Today I took my car to one of the local Pontiac and everything else GM dealership in Tacoma to get this pinging checked. I was told that the pinging was normal and that I was basically driving my car the wrong way; letting the engine bog down (which I don't do). Was told by the service rep that everything checked out fine and that it was normal for the engine to ping if I got on it hard on a high gear. I'm thinking about taking the car to a second dealership for a second opinion. At least, now I know that there's no B/S cheap tune or chip on the car. What do you guys think/suggest?


----------



## Poncho Dan (Jun 30, 2009)

Putting big loads on it under 1700k or so probably will, like wot in 6th.


----------



## LOWET (Oct 21, 2007)

RicanGoat said:


> Today I took my car to one of the local Pontiac and everything else GM dealership in Tacoma to get this pinging checked. I was told that the pinging was normal and that I was basically driving my car the wrong way; letting the engine bog down (which I don't do). Was told by the service rep that everything checked out fine and that it was normal for the engine to ping if I got on it hard on a high gear. I'm thinking about taking the car to a second dealership for a second opinion. At least, now I know that there's no B/S cheap tune or chip on the car. What do you guys think/suggest?

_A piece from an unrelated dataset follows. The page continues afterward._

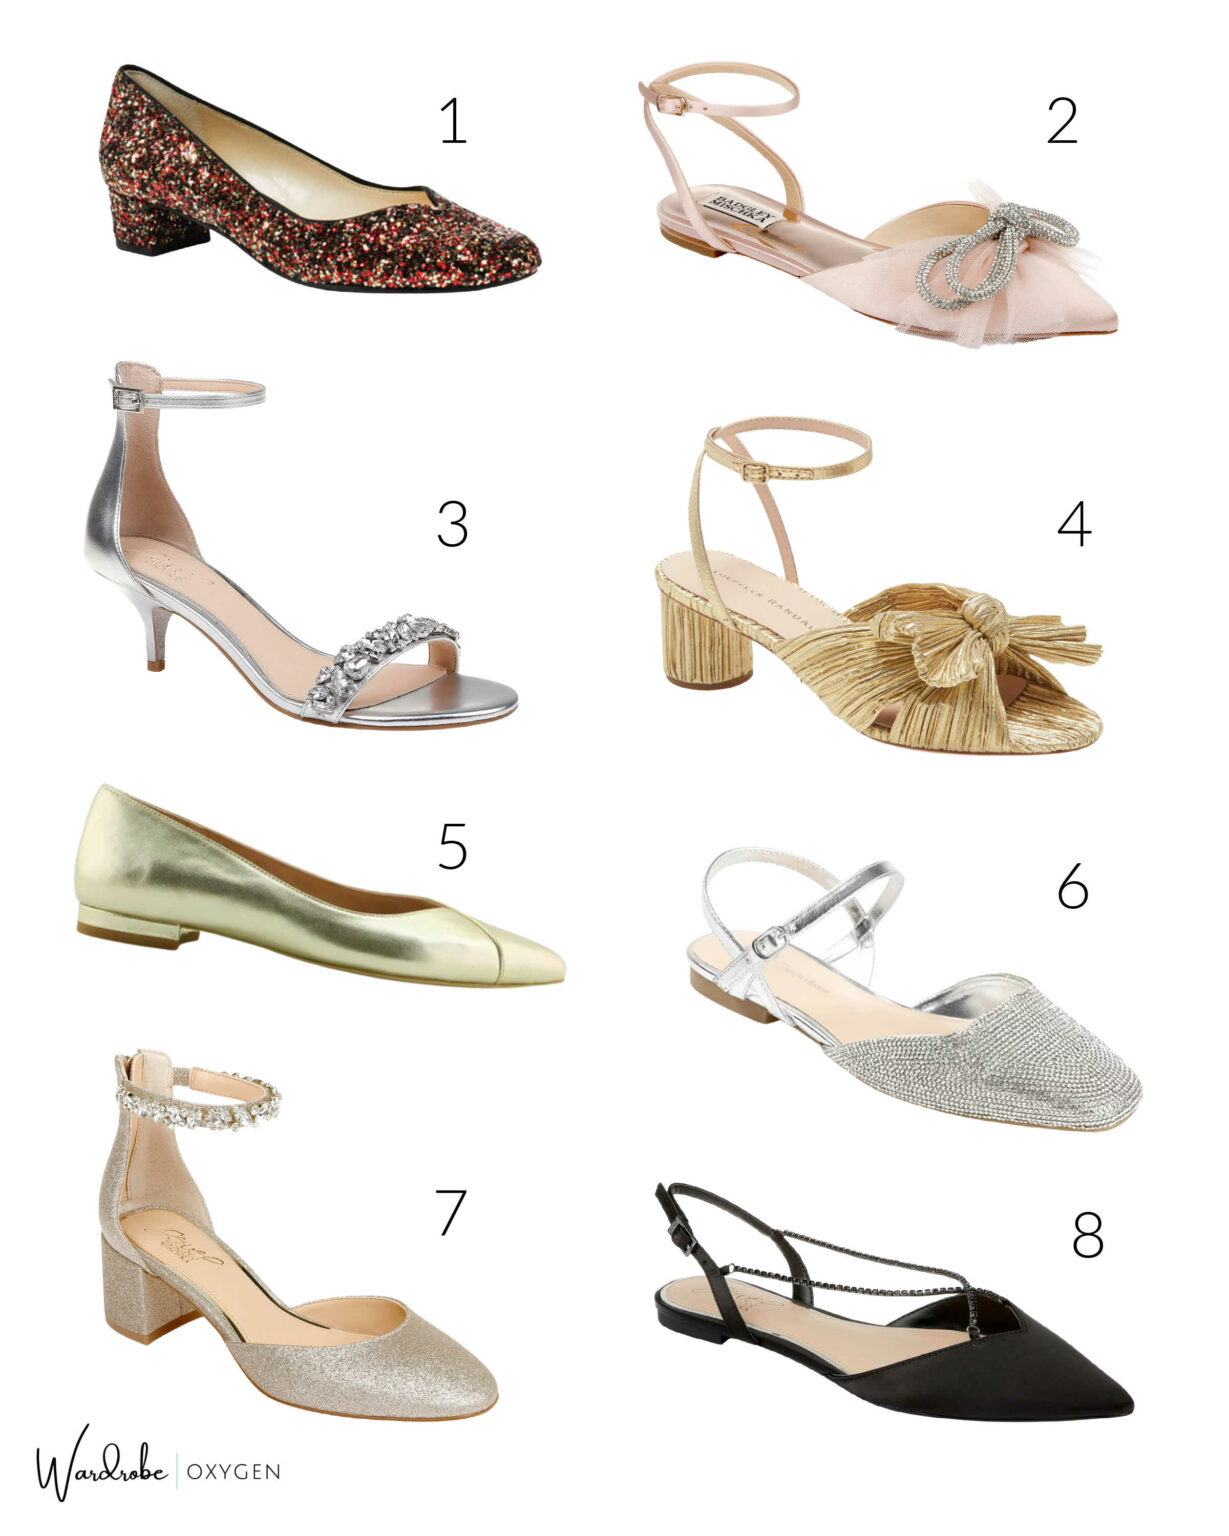 Dressy Flat Shoes: 40+ Chic Options - Wardrobe Oxygen

Yes. your motor will ping if you let it bog down but seeing that you are not doing that and it still pings after trying different gas types and boosters, I say a tune is in order. Your motor SHOULD NOT ping . 

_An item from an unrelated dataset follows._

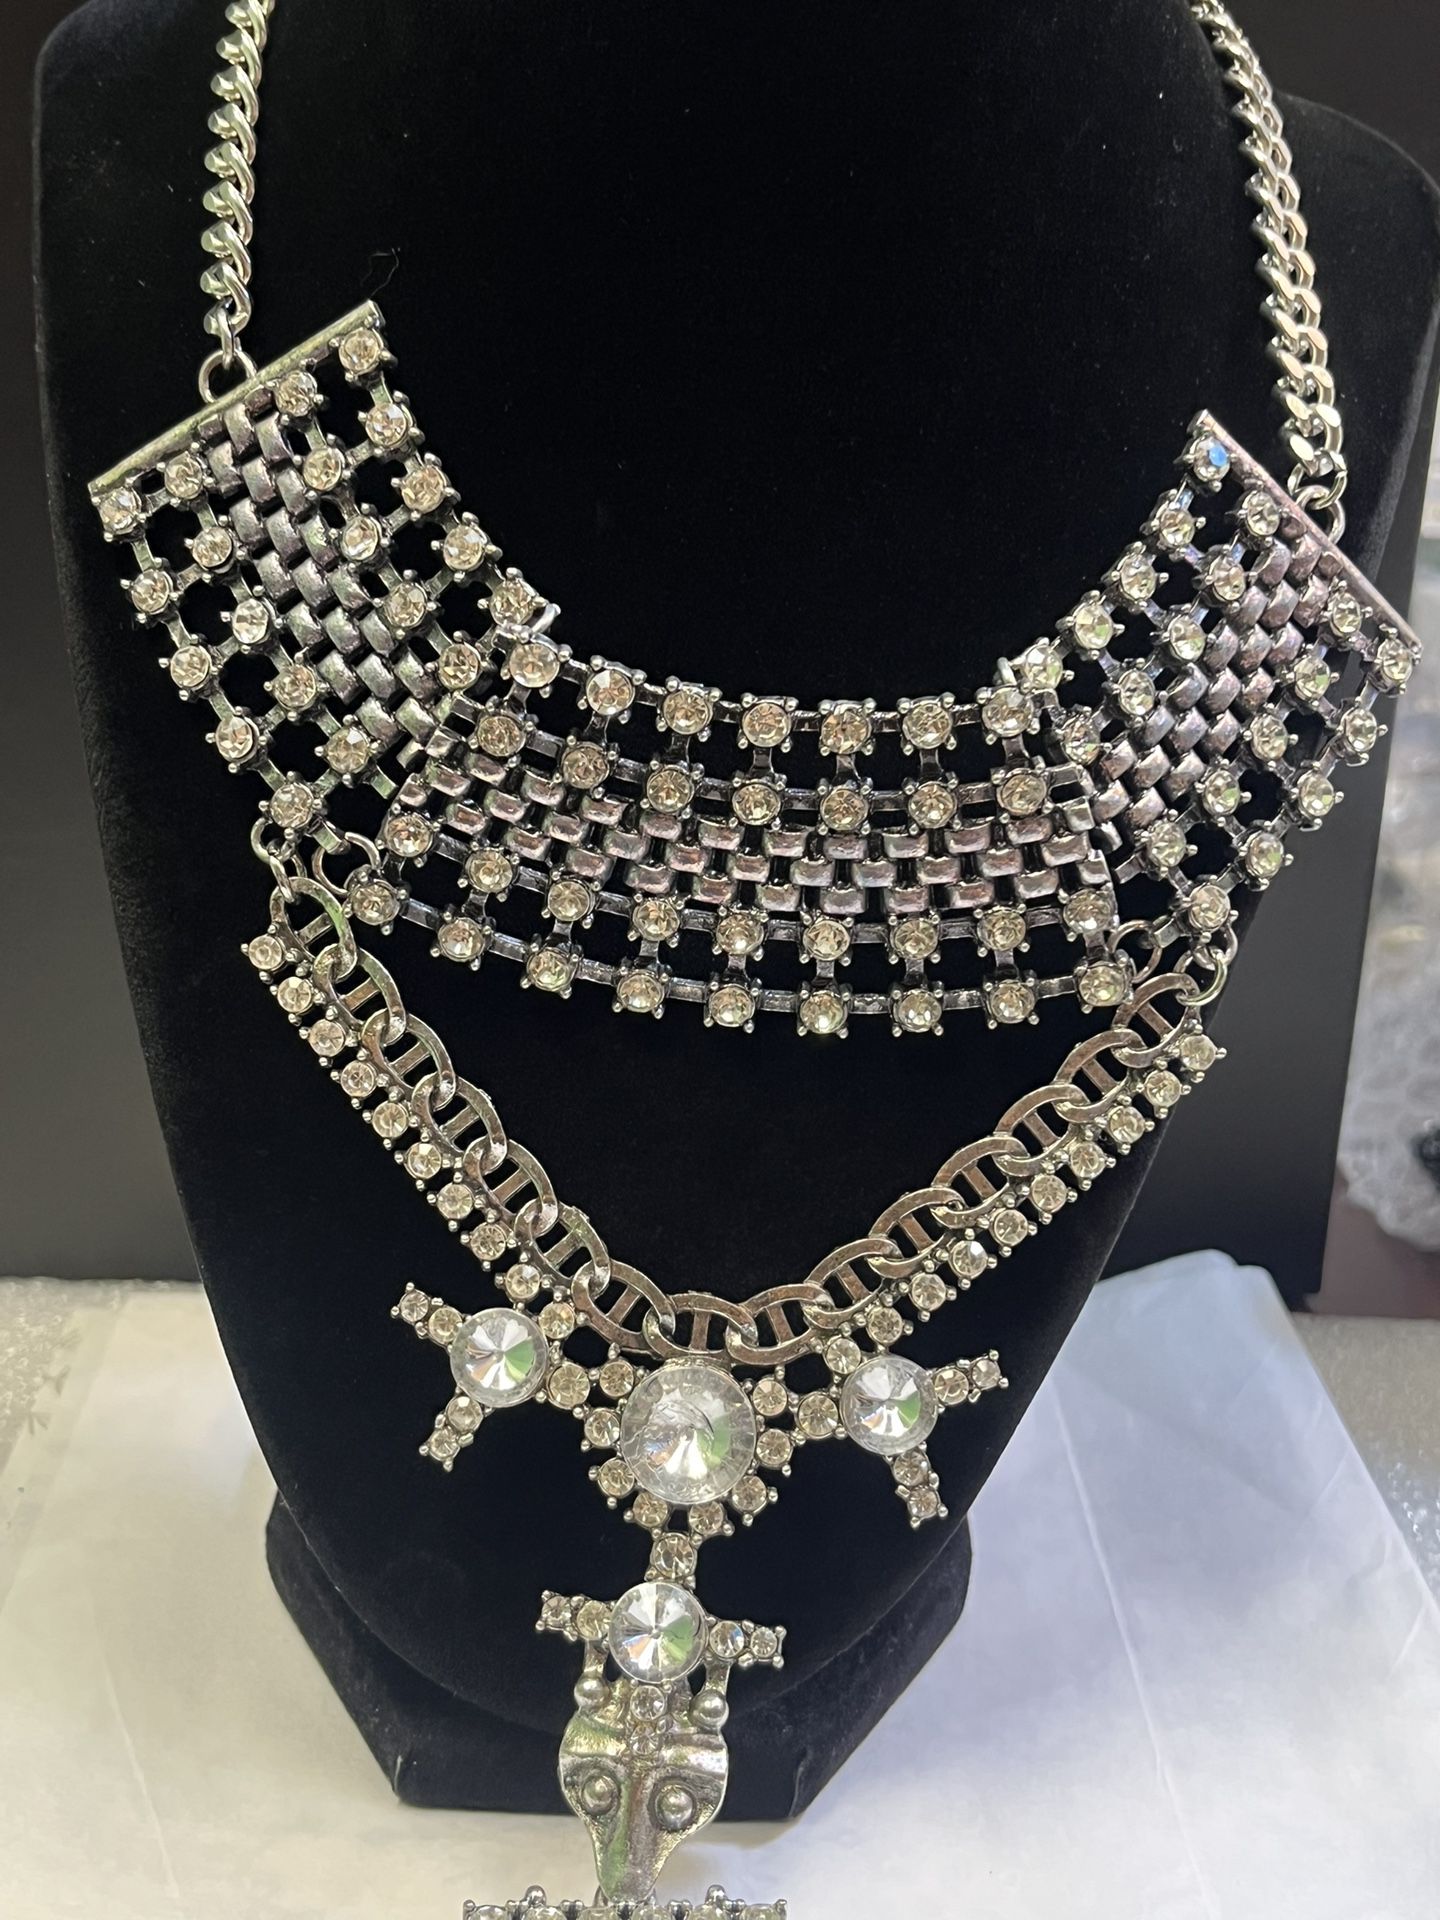 Fashion Design Bridal Jewelry Vintage Neck Bib Collar Chokers Statement Necklaces

When you get hard on the gas in higher gears like 5th & 6th. What kind of RPMs are you spinning when you jump on it. Your two top gears are kind of tall and if you jump on it full throttle while only turning 1500 - 2200 RPMs, your motor won't like it. You should drop down a gear or so and get those RPMs up before hitting the gas hard in 5th or 6th

John


----------



## svede1212 (Nov 1, 2005)

the only time "skip shift" comes into play is below 20 mph and less than 15% throttle. i didn't even know i had it for months after getting my car.


----------



## LOWET (Oct 21, 2007)

svede1212 said:


> the only time "skip shift" comes into play is below 20 mph and less than 15% throttle. i didn't even know i had it for months after getting my car.


I have a A/4 but have heard several people talk about the Skip Shift, was not sure exactly how it worked.

John


----------